Respiratory viruses are historically a matter of concern for transplant and cancer centers given its association with significant morbidity and mortality [11]. The few publications so far showed a very low incidence of complications in immunosuppressed patients infected by SARS-Cov-2. Among 171 children diagnosed with SARS-CoV-2 from Wuhan, only 1 patient in chemotherapy treatment for acute lymphoblastic leukemia required intensive care support [4]. In a survey conducted in 32 centers treating pediatric patients with cancer or immunosuppressive agents, only 8 patients were tested positive for COVID-19 and none of these required intensive care [12]. The low rate of infection in pediatric patients with cancer could have several hypothetical explanations: first would be a bias in the collection of epidemiological data, or different surveillance strategies for patients with and without symptoms. It could also reflect more restrictive environmental approaches (isolation) in BMT units, adopted by our center according to recommendations from EBMT (European Society for Blood and Marrow Transplantation) for COVID-19: visiting restrictions (with no external visitors allowed in our transplant unit) and isolation of one parent together with the hospitalized children [13]. This could potentially have reduced the viral load (although not completely prevent infection). The recommended immunosuppressive prophylaxis might have had beneficial effects on inflammation too.

At the same time, the low incidence of complications might be a reflection of what is observed in the general population regarding age (elderly having more severe disease than young patients and children). However, it could also raise the question of an immune system not capable of triggering a major inflammatory response, although this cannot be stated given different experiences with patients after kidney transplants [14].

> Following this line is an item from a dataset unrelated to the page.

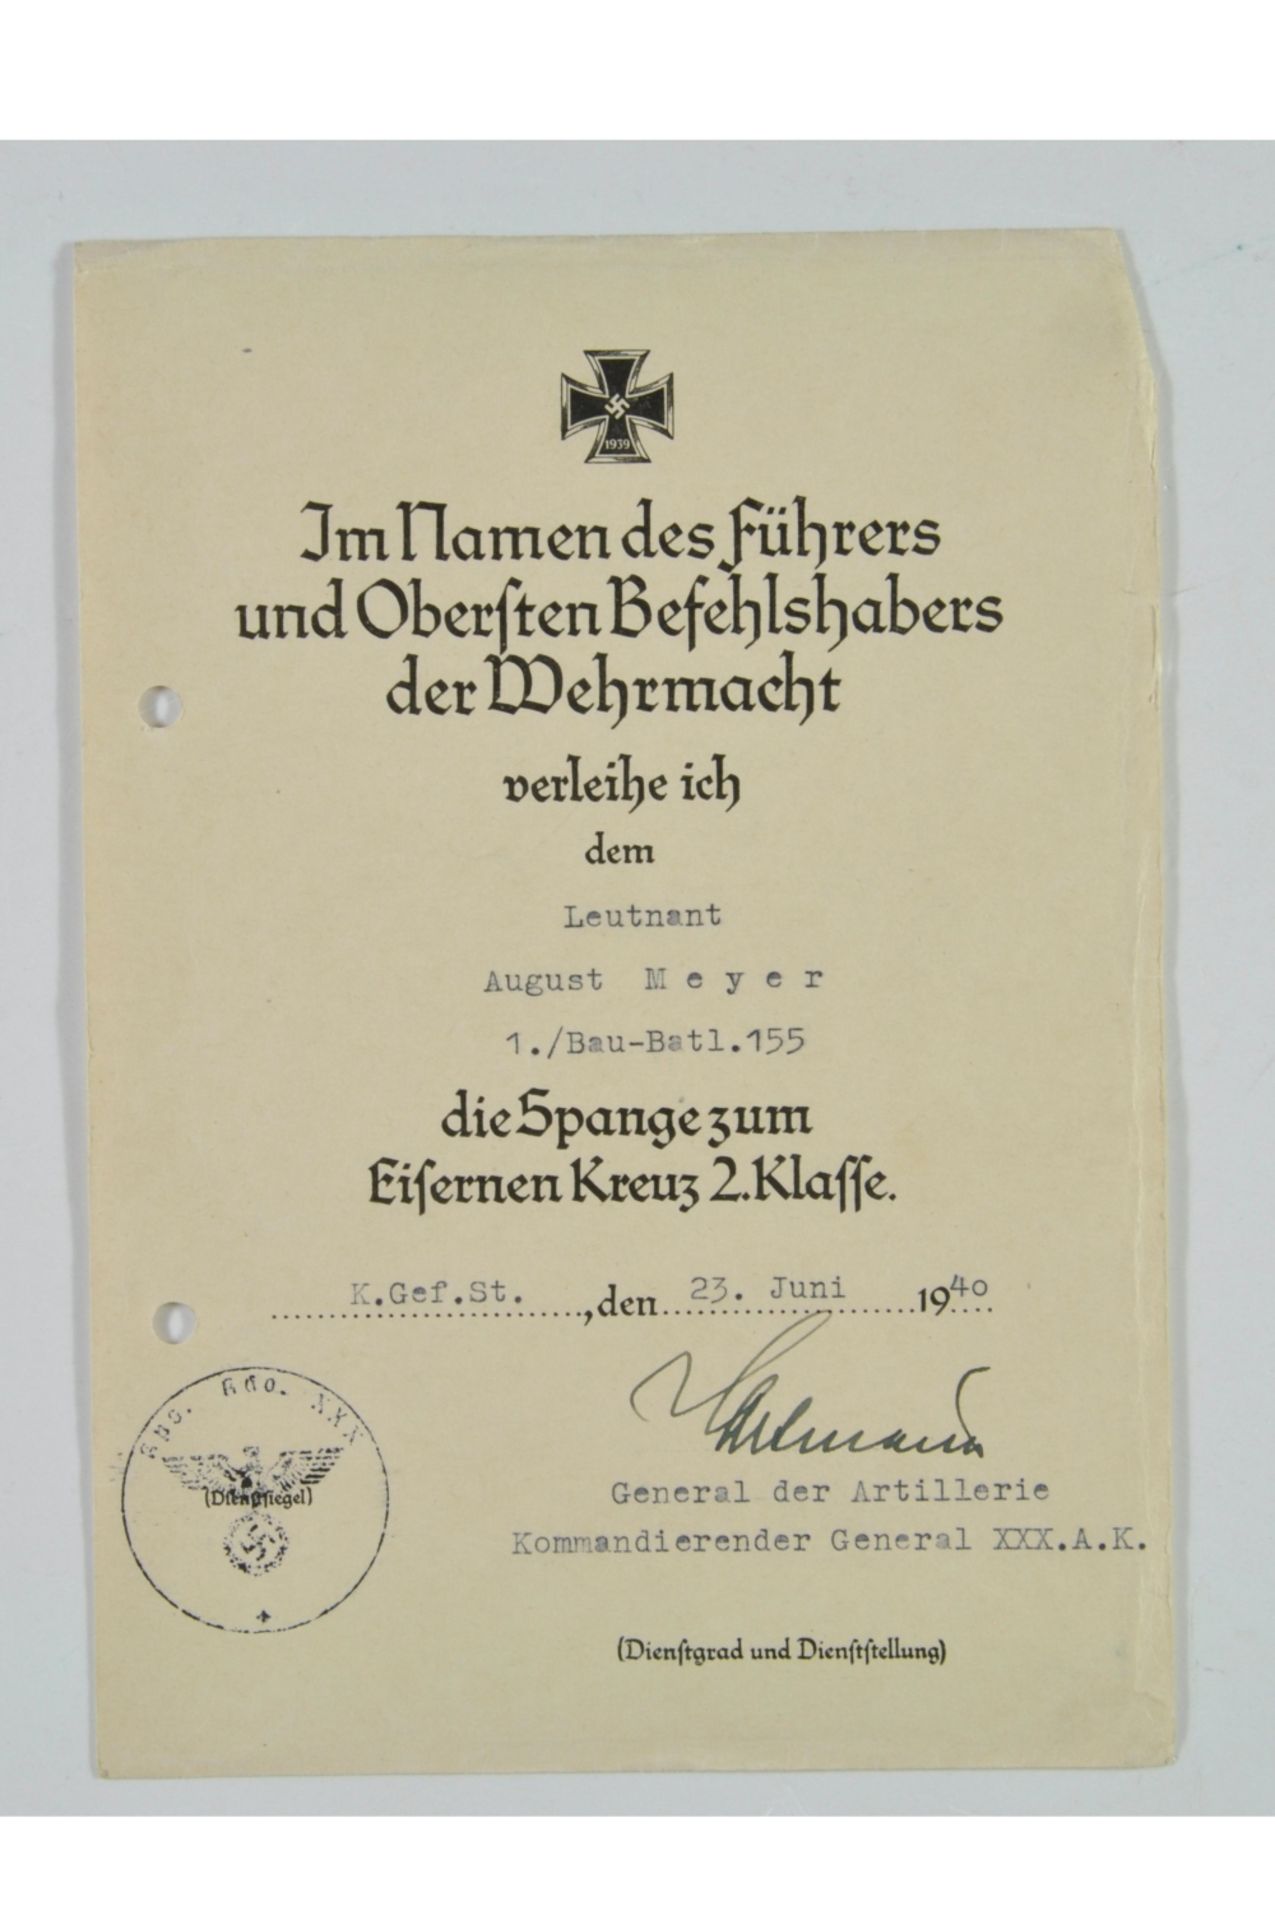 Verleihungsurkunde eines Leutnants des 1./Bau-Batl. 155 für die Spange zum Eisernen Kreuz 2. Klasse,

Treatments are also controversial for COVID-19, and new studies are continuously published [15]. As the first Brazilian COVID-19 case was diagnosed on February 26, 2020, very weak evidence was available yet when both of our patients were diagnosed regarding the proper management of the disease, especially those under chronic conditions in which individualized approach may be necessary.

Interestingly, both our patients remained with PCR positivity for SARS-CoV-2 after 5 weeks from diagnosis and did not develop IgG antibodies. This might be due to incomplete immunological reconstitution after transplant and to the fact that they are still on immunosuppressive therapy. Although we cannot measure the viral load and active virus replication, this situation has to be considered when planning isolation measures to prevent virus dissemination.

In conclusion, we report on the cases of two pediatric patients after hematopoietic stem cell transplant and heavily immunosuppressed who had a benign clinical course of COVID-19. It is reasonable to speculate about the degree of immunosuppression and the lack of immune response obviating the severe spectrum of the disease, although this conclusion cannot be definitive. The proper understanding of COVID-19 in patients under cancer treatment and immunosuppressive drugs depends on prospective and collaborative efforts.